Intex Technologies
- Company type: Private
- Industry: Technology; Telecommunications; Consumer electronics; Smartphones; Electronics;
- Founded: January 1996; 30 years ago
- Founder: Narendra Bansal
- Headquarters: New Delhi, India
- Area served: Worldwide
- Key people: Keshav Bansal (Director)
- Products: Desktop computers; Mobile phones; Mobile phone accessories; Washing machine; Air conditioner; Coolers; LED; Televisions; Audio equipment; UPS; Consumer durables; Webcams; Security cameras; Refrigerators;
- Services: Electronics manufacturing services
- Revenue: ₹6,200 crore (US$650 million)
- Number of employees: 10,000+
- Website: www.intex.in

= Intex Technologies =

Indian multinational technology company

Intex Technologies is an Indian multinational technology company based in New Delhi, India that manufactures smartphones, consumer electronics, and other accessories.
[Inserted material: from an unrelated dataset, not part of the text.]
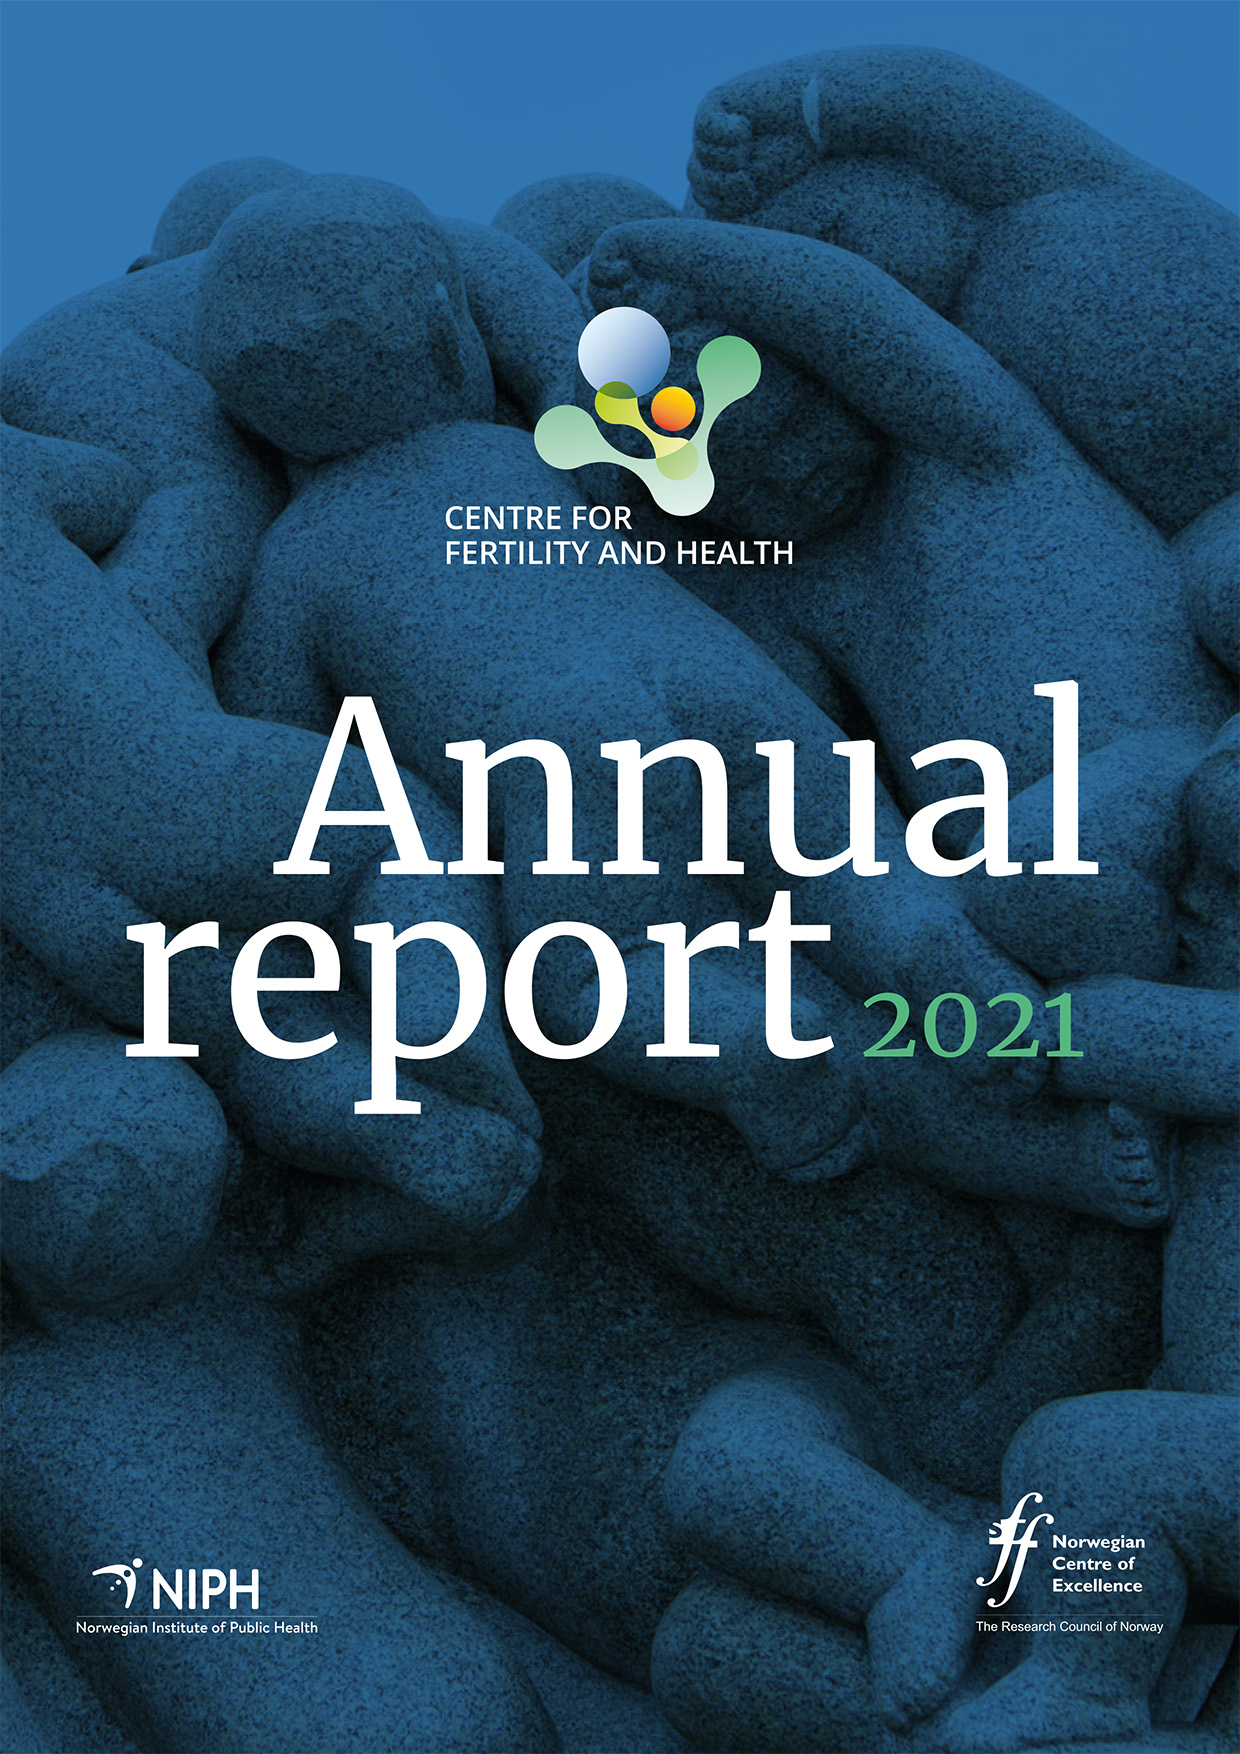 Centre for Fertility and Health Annual Report 2021.jpg

It also provides consumer electronic products such as MP3 players, DVD players and speakers. It was founded in 1996 and is headquartered in New Delhi, India.

== History ==
The company was established in 1996 at New Delhi by Narendra Bansal. Currently, Keshav Bansal, son of Narendra Bansal, is the active director of the company.

In 2012, from an IT product company, Intex Technologies expanded its consumer durables portfolio with the entry in LED TVs business. The LED TVs business has seen a growth of over 150% and the company has a 6% share in LED TVs and 3% share in washing machines nationally.

== IPL Team ==
The company also owned an IPL franchise called Gujarat Lions in 2016 and 2017.